Similar projects worth following
Lossless compression techniques can only take you so far. Modern lossy compression techniques, like those used in JPEG or MP3, are able to achieve such high ratios because they permanently discard information. Perceptual coding algorithms try to make changes that will go unnoticed by humans.

Let's apply similar coding techniques to traditional text files. Where a typical Lempel-Ziv employs a dictionary, we will instead use a thesaurus.

The lossy text compressor consists of a Perl script and accompanying thesaurus. On startup, the script opens the thesaurus file, and constructs a hash of "word" to "shortest synonym of that word". Some words are filtered out, e.g. abbreviations and 2-letter synonyms, because those don't meet quality standards.

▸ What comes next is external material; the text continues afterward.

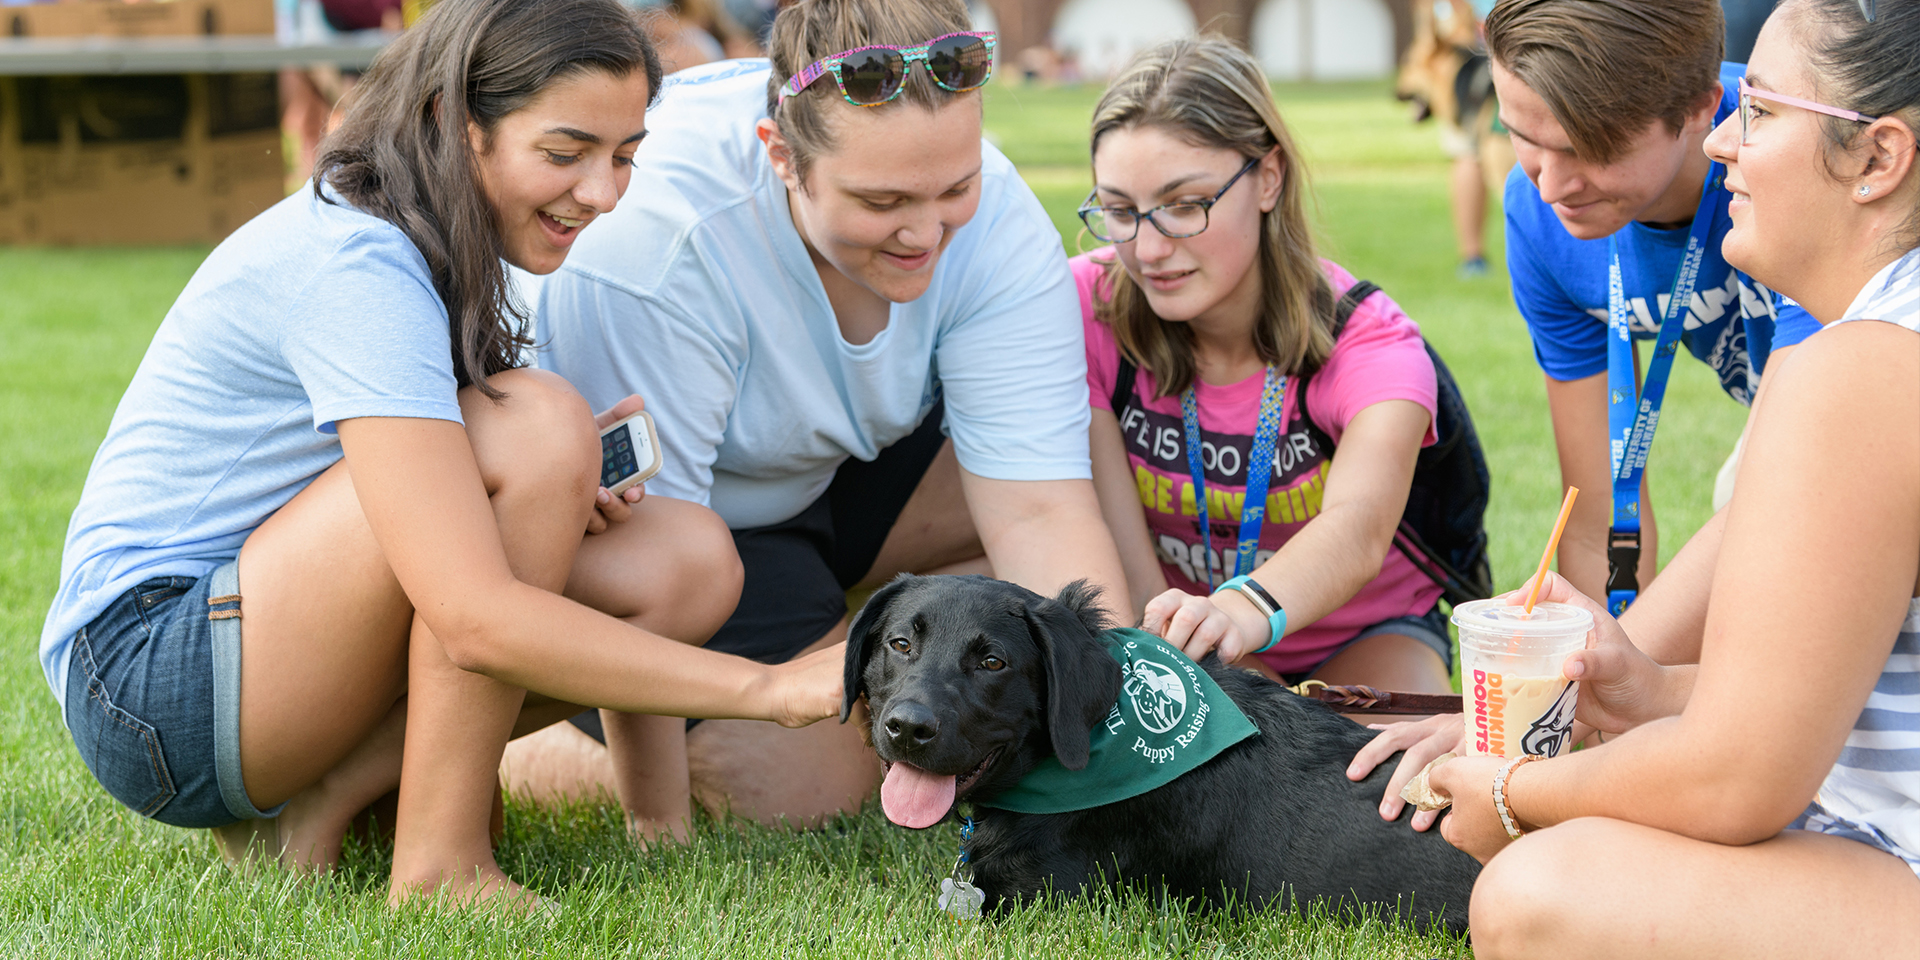 Students gather around a service dog in training on the University green.

After this is simple substitution of every word in the supplied text. This should result in a reduction of file size, while still being readable to most people. Further compression levels can be reached by running the compressor repeatedly - but note that text degradation ("generational loss") can result in an unreadable document.

The thesaurus format used is that of the Moby thesaurus, found here: http://icon.shef.ac.uk/Moby/mthes.html

A companion decompressor script works similarly but uses the longest synonym in place of the shortest.

  • 1 × Perl
  • 1 × Thesaurus
  • 1 × Sense of humor

  • Presentation

    Greg Kennedy06/04/2015 at 16:07 0 comments

    I gave a completely straight-faced presentation on this project at my workplace's recent Hackathon. While it didn't win, it got a lot of laughs and I was allowed to eat the free food.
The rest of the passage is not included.